Some of the pictures under the "Team Waterfowl" on the Rocky Creek site are from Franklin area.


----------



## John Cocktosen (Mar 26, 2009)

*Duks R Us*

Duks-R-Us in North Texas, about an hour and half north of downtown Dallas. I hunted with them last year and my group limited on Mallards, drakes mostly, (one hen pintail mixed in) and one of the drakes had some jewlery. Price is right and they guys hunt hard and often and know where the birds will be. I am hunting with them again second split this season.


----------



## duckman49 (Aug 21, 2010)

What's the Winnie hunt the pen raised mallards I have always heard of that but can't ever find it. I'm 20min from Winnie.


----------



## Rack Ranch (May 25, 2004)

Yep, they let them out of the pens and everyone in the blind starts throwing bread in the water and they swim right into the decoys...Its a blast...LMAO



duckman49 said:


> What's the Winnie hunt the pen raised mallards I have always heard of that but can't ever find it. I'm 20min from Winnie.


----------



## duckman49 (Aug 21, 2010)

Ya I would take a kid to that for practice. I'm looming for a place up north to go kill them but still int in the pen mallards for some kids.


----------



## Bwana64 (Apr 12, 2005)

Moody Ranch, Navasota. Flooded timber in the Brazos River Bottom.


----------



## justinsfa (Mar 28, 2009)

The best mallard hunt in Texas and people are mentioning pen raised birds??????? Come on.... haha

Hanson Outdoors (Edd Hanson)
http://www.hansonoutdoors.net/

Red Leg Outfitters (Stephen Welch)
http://www.redlegoutfitters.com/

Tell Edd and Stephen that Justin Church sent you.


----------



## rowdy's owner (Oct 9, 2011)

c-free outfitters if he still around. Had great mallard hunt with them a few years back. Centerville Texas


----------



## AlvinDucksUnlimited (Jun 7, 2006)

*Mallard Hunts*

I do some mallard hunts in Central Texas. Around Deleon, Lake Proctor, and also in Bremond area. I have some pretty consistant hunts in both places.

Fowl Talk Guid Service
Billy 281-924-4984

Few pics from 2011 season.


----------



## Brad Beaulieu (May 10, 2006)

duckman49 said:


> What's the Winnie hunt the pen raised mallards I have always heard of that but can't ever find it. I'm 20min from Winnie.

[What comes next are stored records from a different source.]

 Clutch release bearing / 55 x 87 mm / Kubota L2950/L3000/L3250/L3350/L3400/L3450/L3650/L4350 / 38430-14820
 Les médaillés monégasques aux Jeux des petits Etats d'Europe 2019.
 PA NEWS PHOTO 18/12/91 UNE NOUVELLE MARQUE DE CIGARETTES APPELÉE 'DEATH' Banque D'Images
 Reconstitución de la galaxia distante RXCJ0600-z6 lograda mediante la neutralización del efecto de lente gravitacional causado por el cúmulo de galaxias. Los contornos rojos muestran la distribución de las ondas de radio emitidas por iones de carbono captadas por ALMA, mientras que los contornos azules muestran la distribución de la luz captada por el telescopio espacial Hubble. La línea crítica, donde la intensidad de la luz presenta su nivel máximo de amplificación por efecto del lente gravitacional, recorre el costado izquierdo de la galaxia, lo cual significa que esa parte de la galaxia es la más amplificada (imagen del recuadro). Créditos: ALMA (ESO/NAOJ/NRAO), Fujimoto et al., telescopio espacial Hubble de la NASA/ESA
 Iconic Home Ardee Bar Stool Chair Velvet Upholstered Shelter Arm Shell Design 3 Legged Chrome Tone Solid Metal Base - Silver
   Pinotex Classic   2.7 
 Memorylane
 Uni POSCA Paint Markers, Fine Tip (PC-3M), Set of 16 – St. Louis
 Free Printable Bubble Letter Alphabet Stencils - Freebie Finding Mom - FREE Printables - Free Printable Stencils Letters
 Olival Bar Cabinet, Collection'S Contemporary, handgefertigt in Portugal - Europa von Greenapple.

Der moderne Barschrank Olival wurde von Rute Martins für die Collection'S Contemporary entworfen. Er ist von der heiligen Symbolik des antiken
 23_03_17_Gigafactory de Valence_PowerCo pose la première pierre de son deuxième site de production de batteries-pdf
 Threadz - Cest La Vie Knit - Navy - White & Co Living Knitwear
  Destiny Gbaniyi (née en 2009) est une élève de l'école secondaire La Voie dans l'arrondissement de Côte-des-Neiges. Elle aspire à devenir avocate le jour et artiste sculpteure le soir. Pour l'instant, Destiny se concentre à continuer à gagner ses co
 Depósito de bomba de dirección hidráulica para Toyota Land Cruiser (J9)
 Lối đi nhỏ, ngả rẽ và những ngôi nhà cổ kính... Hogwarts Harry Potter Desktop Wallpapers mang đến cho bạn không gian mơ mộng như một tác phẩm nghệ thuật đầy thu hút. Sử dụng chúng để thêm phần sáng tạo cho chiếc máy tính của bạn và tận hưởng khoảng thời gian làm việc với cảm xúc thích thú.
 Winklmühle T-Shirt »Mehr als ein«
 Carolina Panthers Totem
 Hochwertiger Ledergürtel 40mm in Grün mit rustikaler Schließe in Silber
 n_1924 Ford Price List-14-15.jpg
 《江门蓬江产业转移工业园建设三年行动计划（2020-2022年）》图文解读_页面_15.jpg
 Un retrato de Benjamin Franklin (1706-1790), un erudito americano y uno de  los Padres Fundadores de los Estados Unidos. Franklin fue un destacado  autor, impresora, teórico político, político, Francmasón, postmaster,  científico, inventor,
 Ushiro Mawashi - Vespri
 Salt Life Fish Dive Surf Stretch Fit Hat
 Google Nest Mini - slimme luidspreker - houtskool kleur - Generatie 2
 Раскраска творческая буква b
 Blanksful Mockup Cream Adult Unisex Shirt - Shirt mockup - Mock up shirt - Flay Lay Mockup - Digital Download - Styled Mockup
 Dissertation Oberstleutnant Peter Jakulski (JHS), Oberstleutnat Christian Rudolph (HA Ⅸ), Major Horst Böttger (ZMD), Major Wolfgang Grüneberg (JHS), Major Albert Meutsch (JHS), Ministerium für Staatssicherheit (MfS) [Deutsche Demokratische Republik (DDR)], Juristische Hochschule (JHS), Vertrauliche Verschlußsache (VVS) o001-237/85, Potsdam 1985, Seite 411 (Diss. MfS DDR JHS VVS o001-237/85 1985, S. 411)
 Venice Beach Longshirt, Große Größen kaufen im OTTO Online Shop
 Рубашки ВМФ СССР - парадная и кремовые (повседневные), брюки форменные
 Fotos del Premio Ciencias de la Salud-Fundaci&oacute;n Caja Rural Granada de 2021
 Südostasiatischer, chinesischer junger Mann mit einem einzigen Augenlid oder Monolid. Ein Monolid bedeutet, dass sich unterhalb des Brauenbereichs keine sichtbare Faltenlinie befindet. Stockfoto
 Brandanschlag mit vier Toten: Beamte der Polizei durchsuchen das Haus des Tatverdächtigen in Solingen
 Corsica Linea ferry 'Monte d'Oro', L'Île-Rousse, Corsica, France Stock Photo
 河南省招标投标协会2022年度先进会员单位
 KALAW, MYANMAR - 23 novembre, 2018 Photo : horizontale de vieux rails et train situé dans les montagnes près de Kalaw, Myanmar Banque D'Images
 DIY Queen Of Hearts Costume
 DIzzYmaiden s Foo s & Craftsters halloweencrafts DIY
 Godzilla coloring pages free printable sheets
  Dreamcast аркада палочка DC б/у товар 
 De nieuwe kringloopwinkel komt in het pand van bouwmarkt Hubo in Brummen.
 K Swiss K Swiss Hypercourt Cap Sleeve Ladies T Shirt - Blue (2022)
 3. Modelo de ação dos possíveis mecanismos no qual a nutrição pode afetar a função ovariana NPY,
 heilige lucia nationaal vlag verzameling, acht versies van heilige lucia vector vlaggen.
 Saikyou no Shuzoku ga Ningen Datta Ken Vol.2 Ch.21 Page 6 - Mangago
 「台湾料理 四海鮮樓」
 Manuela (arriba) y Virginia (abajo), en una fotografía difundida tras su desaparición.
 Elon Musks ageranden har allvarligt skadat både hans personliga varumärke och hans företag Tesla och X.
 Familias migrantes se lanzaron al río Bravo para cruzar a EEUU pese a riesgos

http://brokenloutdoors.com/

No bread throwing but it can fun. Great deal for kids.


----------



## Whitecrow (May 26, 2004)

> *Additional mallards $29 each*


$29 for a tamie? :spineyes:


----------



## duckman49 (Aug 21, 2010)

I'm going to give a guide up north a try in dec.


----------



## bronco1 (Oct 25, 2007)

calphil said:


> Broken L .... Winnie
> 
> You can shoot all the mallards you want


Whats up with that cover photo, I'm not sure money is the only cost associated with hunting there. That is the oddest place to put your hand, they must be real close friends. Maybe it should be BrokeBack Outfitters.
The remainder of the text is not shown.